Now that you have set up your AWS service account, let's configure your GitLab CI/CD environment that will allow you to deploy your code straight into AWS.
- Login to GitLab
- Create a new project if you don’t have one already. The process is quite straightforward, just give it a name and define whether you want to keep it public or private.
- Once you repository has been created, open it and navigate to Settings and select CI / CD option.
- Scroll down to the Variables section and select Expand
- As a brief introduction, GitLab uses runners that allow us to deploy our code. We are able to invoke a docker instance, run some code and destroy it once our project has been successfully deployed. You can either install a runner in your machine or use the share resources. For this lab purposes, we will use GitLab/Google share resources. You can check this LINK to further understand how pipelines works in GitLab.
- The Variables that we will set in here will be sent as parameters to our code in runtime. Why? because we don’t want to hardcode our credentials into our code, simple enough, right?. If you are familiar with Python, we will import the os library and invoke the
os.getenv
function that will allows to manage these variables.
These are the list of variables that you must create. Remember the Access and Secret key information that you copied when setting up your AWS account? we will use it now. Create the following items as shown in the above picture.
- APPLICATION_NAME (Use to define the application name for EBS if needed, you need first to have an application and environment created)
- AWS_ACCESS_KEY_ID (The access key id copied in the previous step)
- AWS_ACCOUNT_ID (Your account id information, you can locate this number on the AWS console at the top right hand side of your screen, next to your user name)
- AWS_EB_PLATFORM (EBS platform that where you will deploy your code i.e. PHP, node, Python, etc)
- AWS_REGION (Your AWS region, go back to your AWS console and get your region, is located at the top right hand of your screen as welll)
- AWS_SECRET_ACCESS_KEY ( The secret key copied on the AWS setting step)
Configuring your pipeline settings
Now is time to build your CI/CD integration. Clone your repository in your machine and create one file .gitlab-ci.yml
. You should use this name convention, The pipeline won’t work otherwise.
For this particular use case we will spin up an Elastic instance and enable GuardDuty. Boto3 allow you to manage almost every single AWS resource. For further reference, review BOTO3 Documentation
We won’t build different stages (i.e. Dev, Test, Production), We will deploy our infrastructure straight in production … don’t tell anybody
You can use below code to create the yml file or download it from this repository.
image: docker:latest
before_script:
- apk update # required to install zip
- apk add zip # required for packaging up the application
- apk add python
- apk add python-dev
- apk add py-pip
- pip install boto3==1.9.25i
stages:
- deploy
deploy:
stage: deploy
only:
- master # We will run the CD only when something is going to change in master branch.
script:
- python ./ec2.py #Deploy EC2 environment
- python ./GuardDuty.py #Enable GuardDuty
environment:
name: master
- What we are doing here is creating a new docker instance, deploying python, it’s dependencies and BOTO3 as part of this image.

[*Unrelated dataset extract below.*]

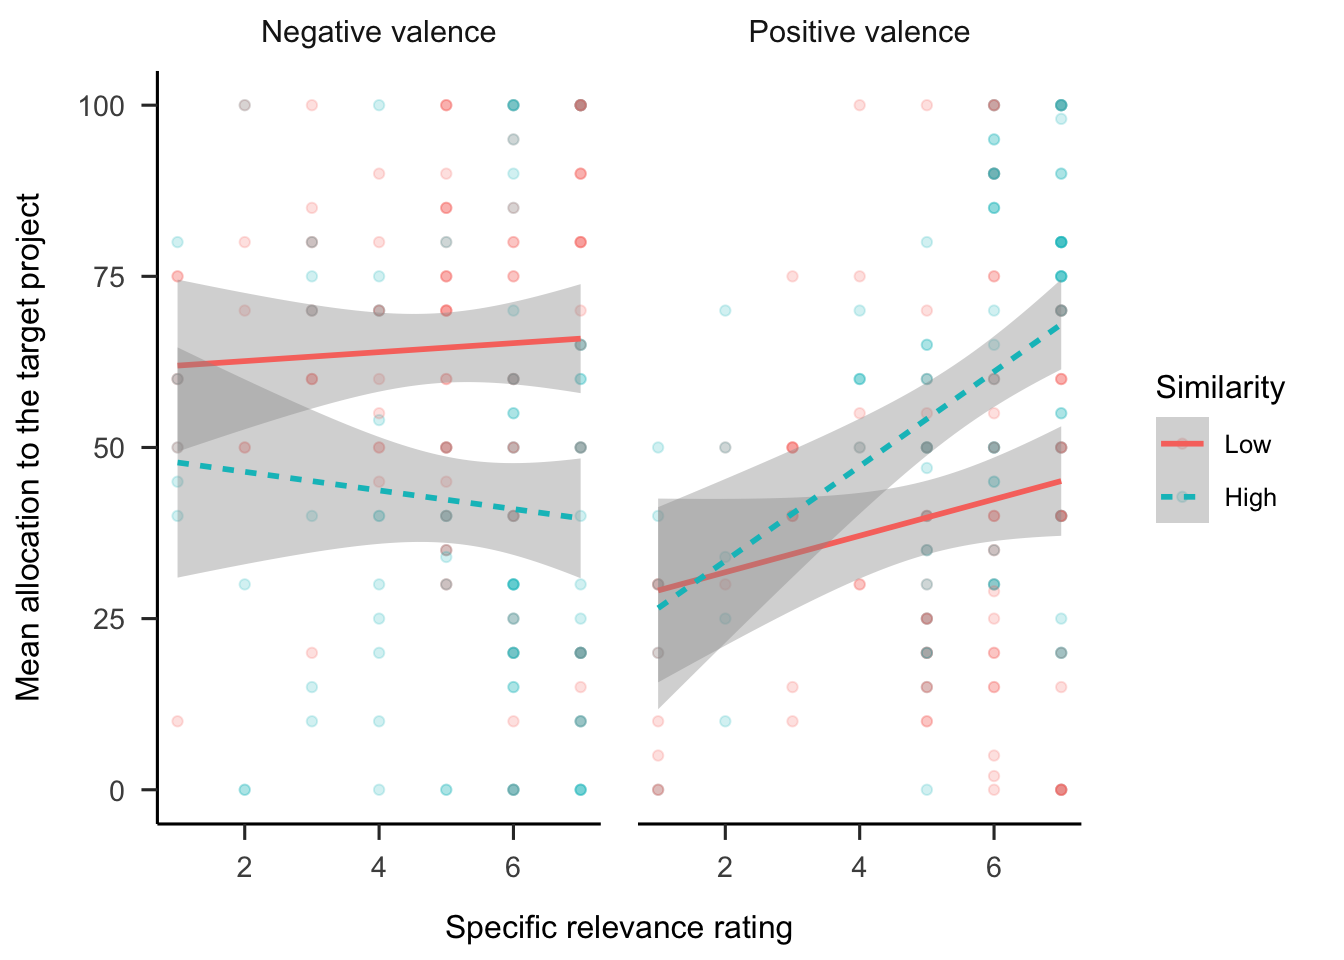 Mean allocation to the target project, by specific relevance rating, similarity condition, and valence condition. LOESS method was used for smoothing over trials and the shading represents 95% confidence intervals. Raw data are plotted in the background.

- Once the docker image is built, we call out the
ec2.py
script, which will create a new instance with detailed monitoring enable by default, and theGuardDuty.py
script, which will enable GuardDuty. - Before running the job, make sure that the image id stored in the
ec2.py
script is valid. You can search for the image id within AWS console. - Once the job has completed successfully, you should have a new EC2 instance deployed, GuardDuty enabled and for every single threat identified as positive, GD will send a notification to CloudWatch and depending on the rules that you have set, you can drop an email, or trigger a lambda function.